First, for all the general purpose utility functions, we have two
choices. We could move these functions to a new module called
`Automake:Utils' or move them to the already existing
`Automake::General' module which would apparently (when looking at its
name) fill this purpose. When digging into this module, we can see
that it redefines some core Perl functionalities (such as the END
function). Knowing that, I think it would be better to create a new
module and place the subroutines accordingly. The `version', `usage'
and `parse_arguments' subroutine should be moved to this module as
well as the subroutines cited above.

Among the list of subroutines in the main file, we can see a number of
subroutines with the same naming scheme (for example `handle_*' or
`require_*'). I need to see if they all serve a related purpose and
then group them accordingly into new or existing modules.

Existing modules
================

When it comes to existing modules, I will try to move some subroutines
to them when it is possible. The goal of the project is not to add as
much modules as possible but rather make the structure of the program
as coherent as possible while not changing the behavior for the users.
The important thing is to understand which module does what. Here is
a table with a small explanation of the modules' utility:

- `Automake::ChannelDefs': Defines channels and helper functions;
- `Automake::Channel': Functions for error and warning management;
- `Automake::Condition': Record conjunction of conditionals;
- `Automake::Config': Global variables to be used in the program (like
the release number or year of lease);
- `Automake::Configure_ac': Functions for locating `configure.ac' or
`configure.in';
- `Automake::DisjConditions': Like `Automake::Condition' but with
disjunction instead of conjunction;
- `Automake::FileUtils': File handling;
- `Automake::General': Redefine Perl core functionalities;
- `Automake::Getopt': Get command line options;
- `Automake::Global': Global variable and constant definitions;
- `Automake::ItemDef': Base class for `Automake::VarDef' and
`Automake::RuleDef';
- `Automake::Item': Base class for `Automake::Var' and
`Automake::Rule';
- `Automake::Language': Class for defining languages;
- `Automake::Location': Track location with a stack of contexts;
- `Automake::Options': Keep track of `Automake' options;
- `Automake::RuleDef': Rule definitions;
- `Automake::Rule': Define `Automake' rules;
- `Automake::VarDef': Variable definitions;
- `Automake::Variable': Define `Automake' variables;
- `Automake::Version': Functions for comparing program versions based
on patterns;
- `Automake::Wrap': Functions for formatting paragraphs;
- `Automake::XFile': Error handling in file handles;

Conclusion
==========

As we've seen in this report, their is a big task ahead of me in terms
of module reorganization.
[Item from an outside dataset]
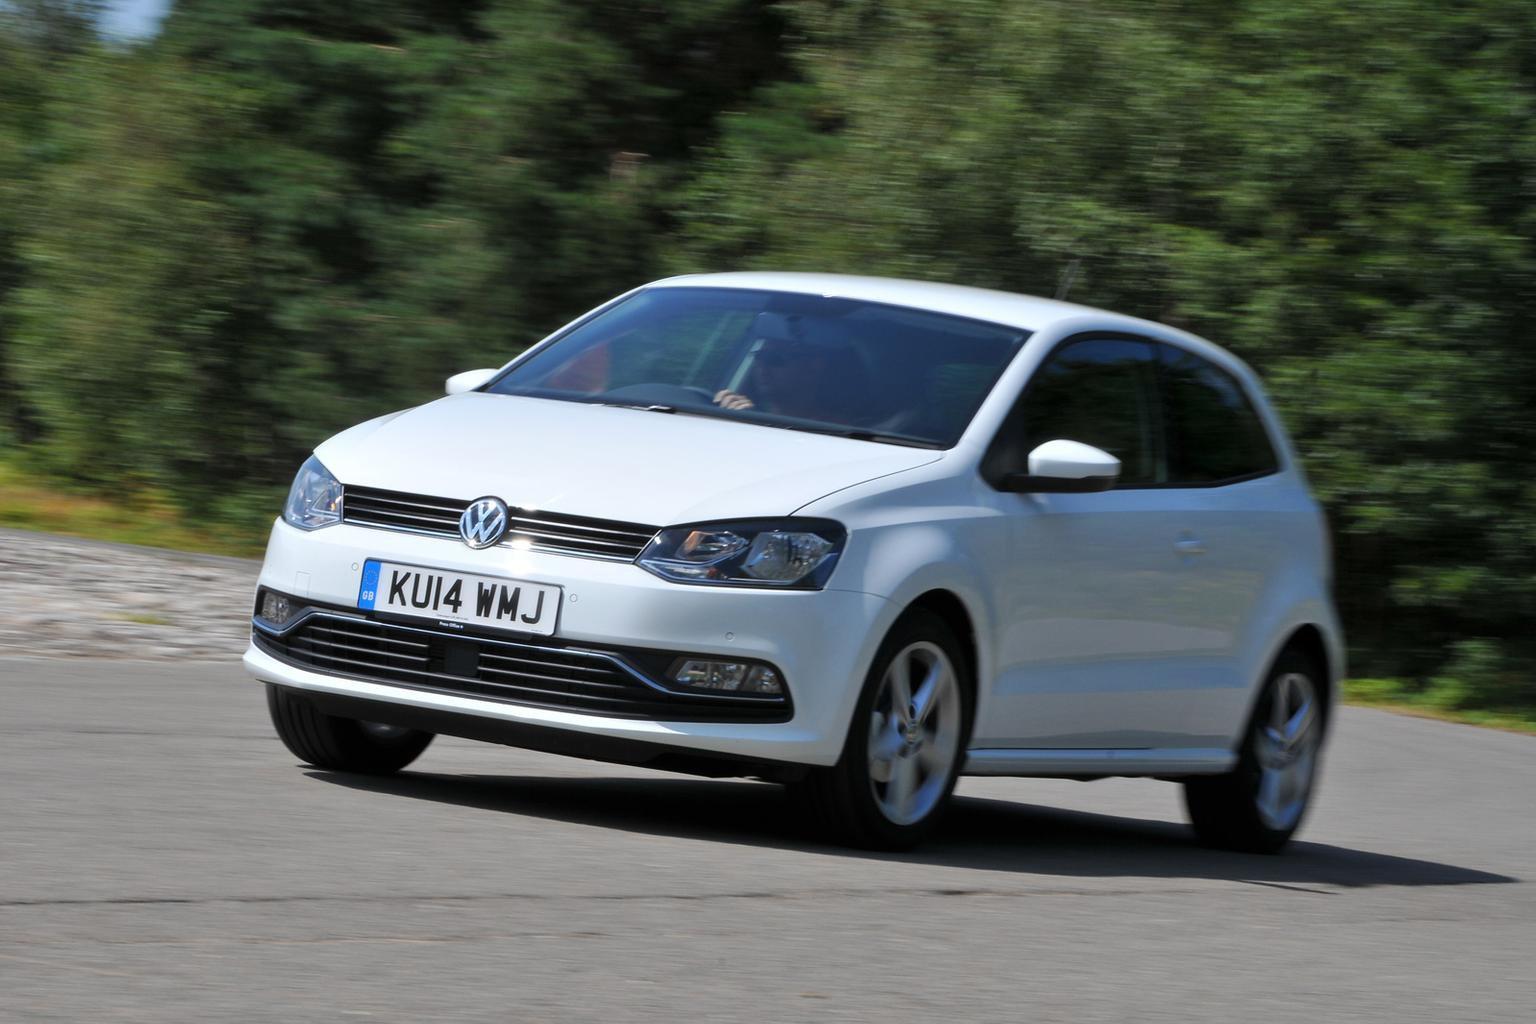 Big savings on diesels in this week's deals

For the sake of quality code and easier
maintainability, I will add unit tests for the newly created modules
as well as the ones that are not tested. To see if the new
architecture is well integrated with the already existing one, I will
use the existing test suite and the integration/validation tests it
provides. At the end of the summer, Automake should feel the same for
users while being more easily maintainable and extendable.

Footnotes
_________

[1] The variable is used internally in the global file but is unused
elsewhere so we will remove it from its default exports.

--
Matthias Paulmier